As a political leader she could organise and mobilise the biggest political organisation in Pakistan, set the political agenda, make millions of ordinary people dream the greatest dreams for this land and yes, in fair elections, win elections too. She could do all that. But what she could not tackle were certain self-appointed guardians of the state, who refused to allow people the right to solve their problems themselves and who harassed, hounded, threatened and conspired against her.They did not permit her a fair shot at the democratic game because they knew that she would win, not by breaking the Constitution or at gunpoint but through the sheer will of ordinary people who are supposed to be sovereign. Even on the last day of her life, her

foremost concern was not how to win the elections but how to prevent them from being rigged. I wonder if people understand that in this lies a tragedy, not only for Benazir Bhutto, but for this nation.

Many sincere analysts questioned the integrity of her politics. They did not understand that after facing conspiracy after conspiracy, Benazir Bhutto was forced to factor painful ground realities in her decision-making, always striving to achieve one day her true political ideals.

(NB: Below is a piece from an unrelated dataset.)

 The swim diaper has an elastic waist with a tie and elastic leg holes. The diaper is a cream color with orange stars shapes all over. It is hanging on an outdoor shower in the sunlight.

This fundamental question may indeed be addressed through another question why, during the 30 years from 1977 when an elected and popular prime minister was ousted at gunpoint to the date when Benazir Bhutto lost her life to another gun, was the total period for which she, the most popular political leader, was allowed to govern the country three times less than the time that Chaudhry Shujaat's party remained in power? The real source of this country's problems may be revealed by the answer. In kowtowing to the civil and military bureaucracy there is a premium. He and his ilk can do it. She could not. They survive. She had to be eliminated.

One cannot help wondering why our establishment that claims to be obsessed with maintaining the federation, could not bring itself to see in Benazir Bhutto that glorious human chain that kept all four provinces together, and as an asset and an ally instead of a foe.

Above all else, I will remember her for three qualities a constant urge to reach out to her people, a willingness to take on Herculean challenges, and for her ability to forgive, even embrace, her enemies. These three qualities made her superhuman. And all three took her to her tragic, yet heroic death.

All I can now say is “Bibi it is an honour to have worked for you and with you. The Himalayas wept at the death of your father. The world weeps for you.”